0
votes

I'm writing a dataframe to an external hive table from pyspark running on EMR. The work involves dropping/truncating data from an external hive table, writing the contents of a dataframe into aforementioned table, then writing the data from hive to DynamoDB. I am looking to write to an internal table on the EMR cluster but for now I would like the hive data to be available to subsequent clusters. I could write to the Glue catalog directly and force it to registered but that is a step further than I need to go.

All components work fine individually on a given EMR cluster: I can create an external hive table on EMR, either using a script or ssh and hive shell. This table can be queried by Athena and can be read from by pyspark. I can create a dataframe and INSERT OVERWRITE the data into the aforementioned table in pyspark. I can then use hive shell to copy the data from the hive table into a DynamoDB table.

I'd like to wrap all of the work into the one pyspark script instead of having to submit multiple distinct steps. I am able to drop tables using sqlContext.sql("drop table if exists default.my_table")

When I try to create a table using sqlContext.sql("create table default.mytable(id string,val string) STORED AS ORC") I get the following error:

org.apache.hadoop.net.ConnectTimeoutException: Call From ip-xx-xxx-xx-xxx/xx.xxx.xx.xx to ip-xxx-xx-xx-xx:8020 failed on socket timeout exception: org.apache.hadoop.net.ConnectTimeoutException: 20000 millis timeout while waiting for channel to be ready for connect. ch : java.nio.channels.SocketChannel[connection-pending remote=ip-xxx-xx-xx-xx:8020]; For more details see: http://wiki.apache.org/hadoop/SocketTimeout

I can't figure out why I can create an external hive table in Glue using hive shell on the cluster, drop the table using hive shell or pyspark sqlcontext, but I can't create a table using sqlcontext. I have checked around and the solutions offered don't make sense in this context (copying hive-site.xml) as I can clearly write to the required addresses with no hassle, just not in pyspark. And it is doubly strange that I can drop the tables with them being definitely dropped when I check in Athena.

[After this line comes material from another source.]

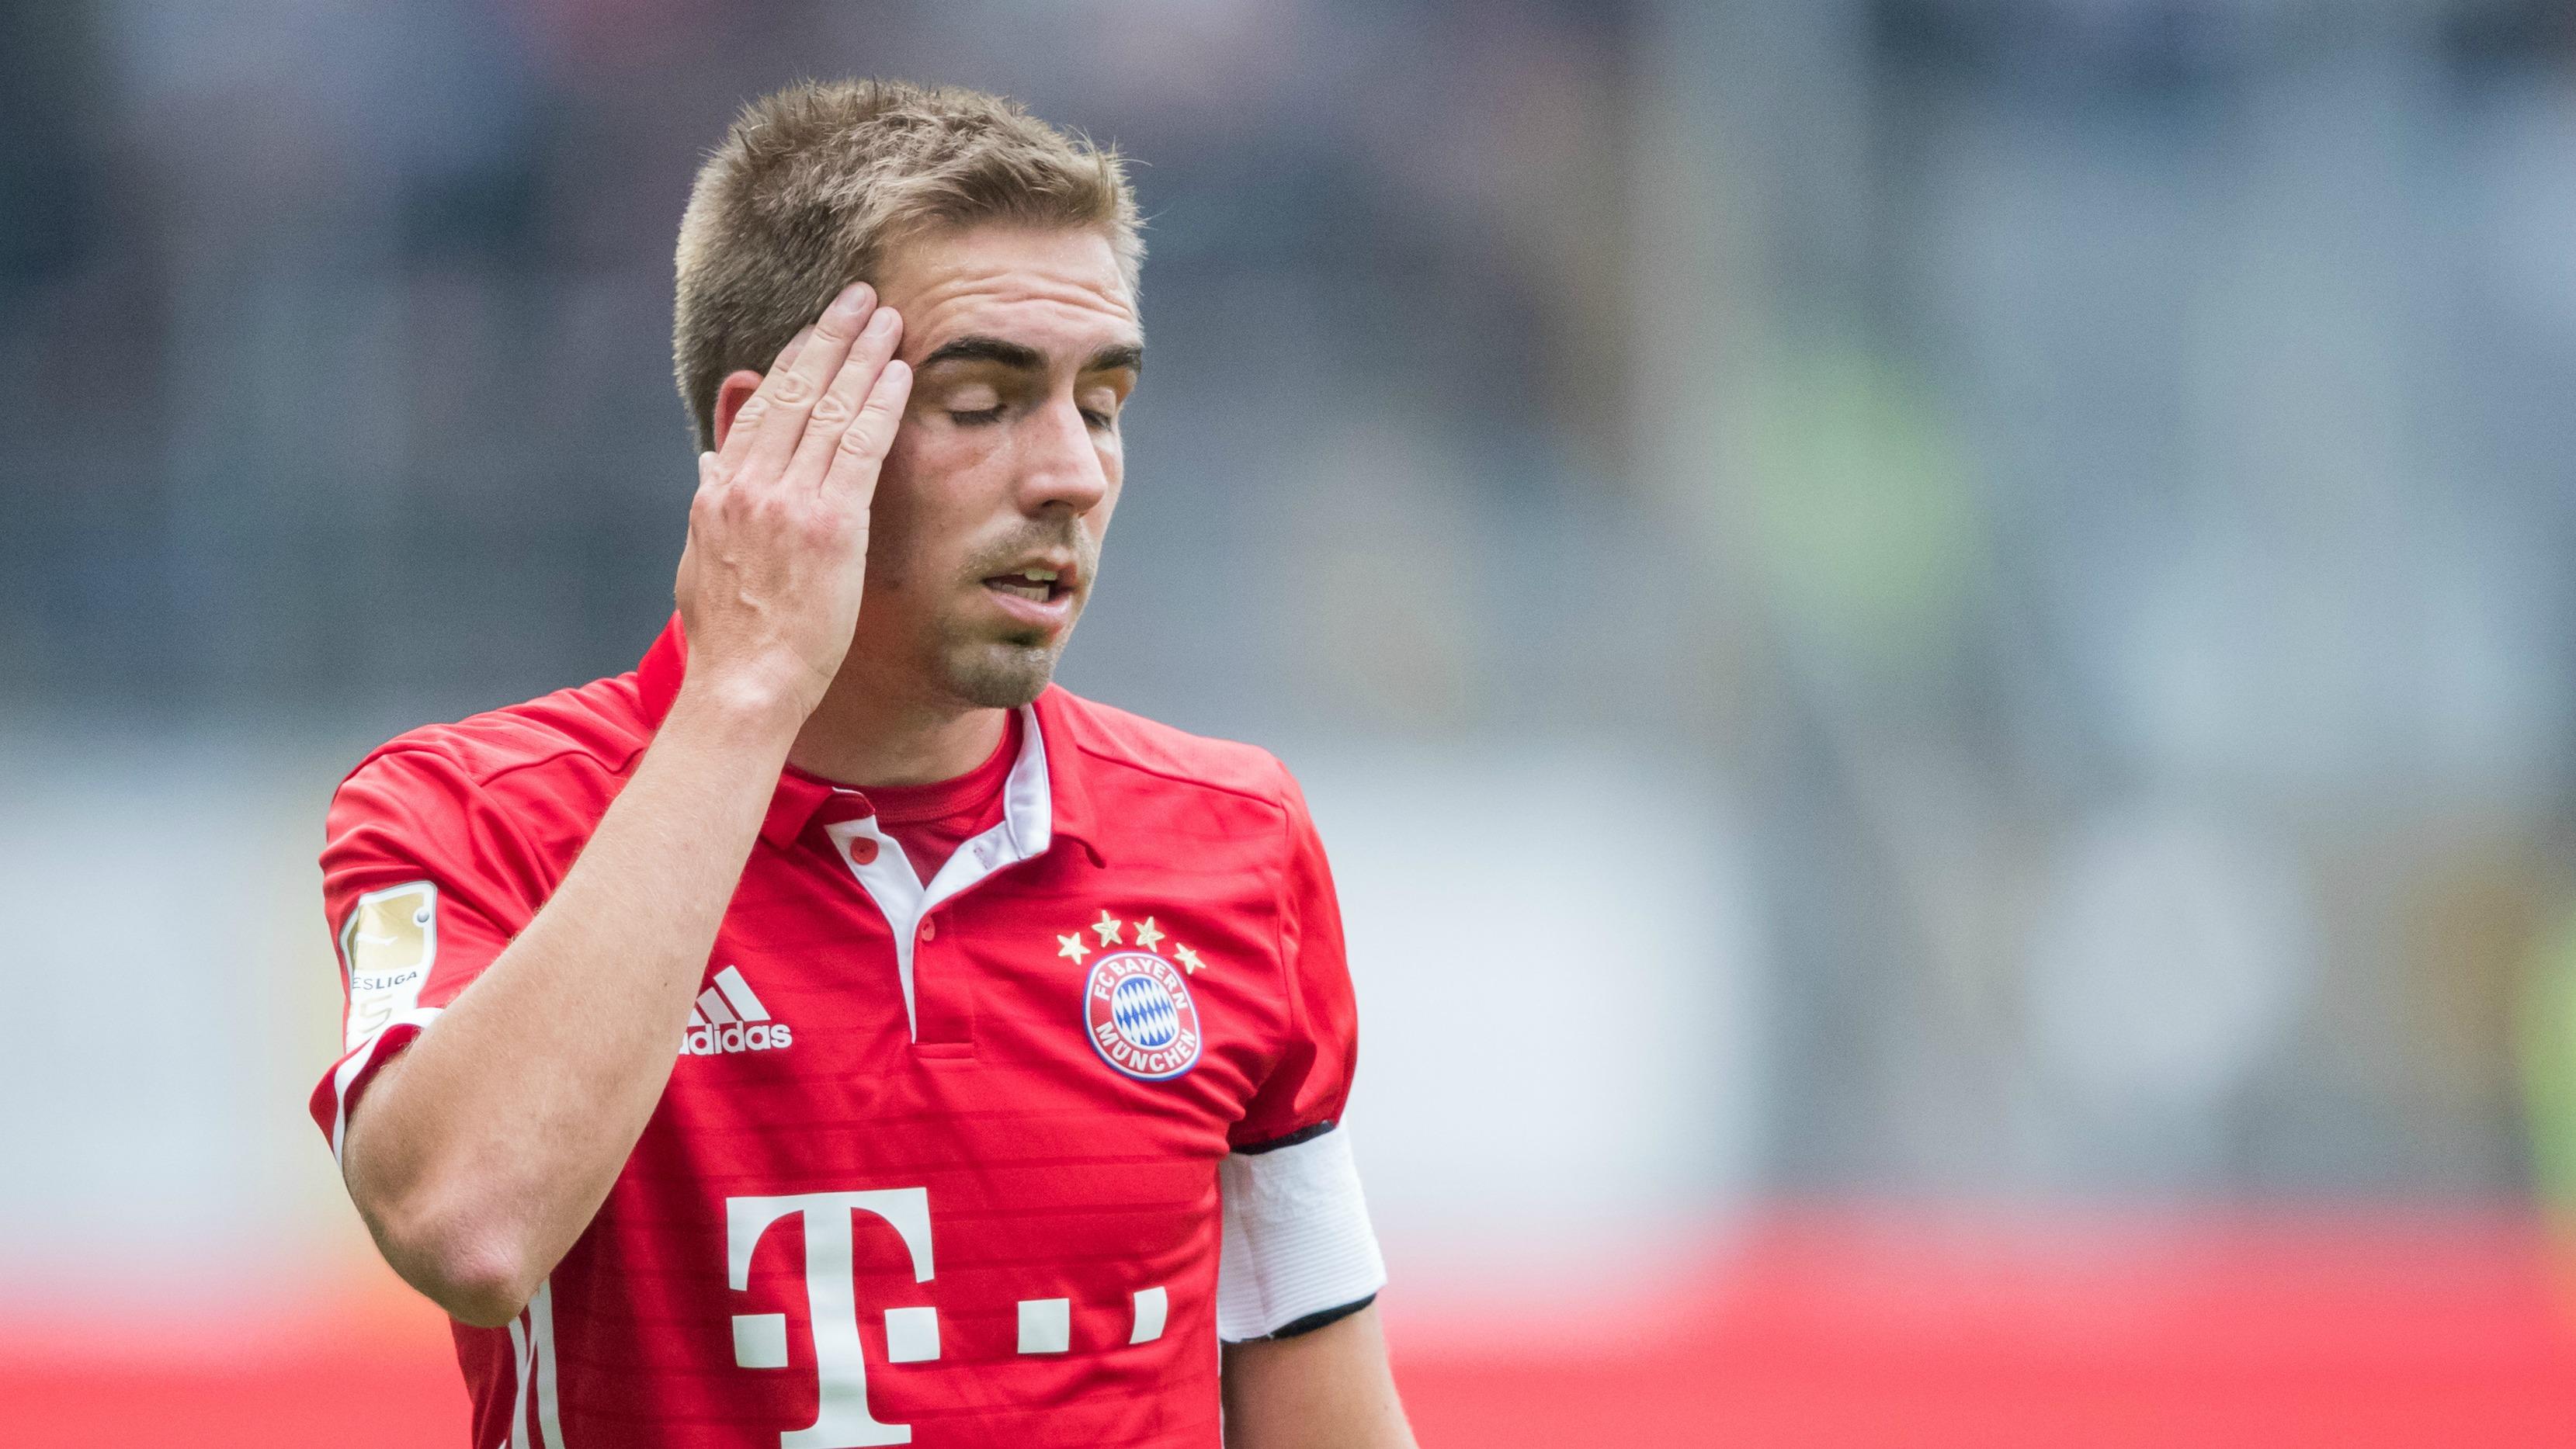 Why Bayern Munich are suddenly struggling under Carlo Ancelotti

Running on: emr-5.28.0, Hadoop distribution Amazon 2.8.5 Spark 2.4.4 Hive 2.3.6 Livy 0.6.0 (for notebooks but my experimentation is via ssh and pyspark shell)

2

2 Answers

0
votes

Turns out I could create tables via a spark.sql() call as long as I provided a location for the tables. Seems like Hive shell doesn't require it, yet spark.sql() does. Not expected but not entirely unsurprising.

0
votes

Complementing @Zeathor's answer. After configuring the EMR and Glue connection and permission (you can check more in here: https://www.youtube.com/watch?v=w20tapeW1ME), you will just need to write sparkSQL commands:

spark = SparkSession.builder.appName('TestSession').getOrCreate()
spark.sql("create database if not exists test")

You can then create your tables from dataframes:

df.createOrReplaceTempView("first_table");
spark.sql("create table test.table_name as select * from first_table");

All the databases and tables metadata will then be stored in AWS Glue Catalogue.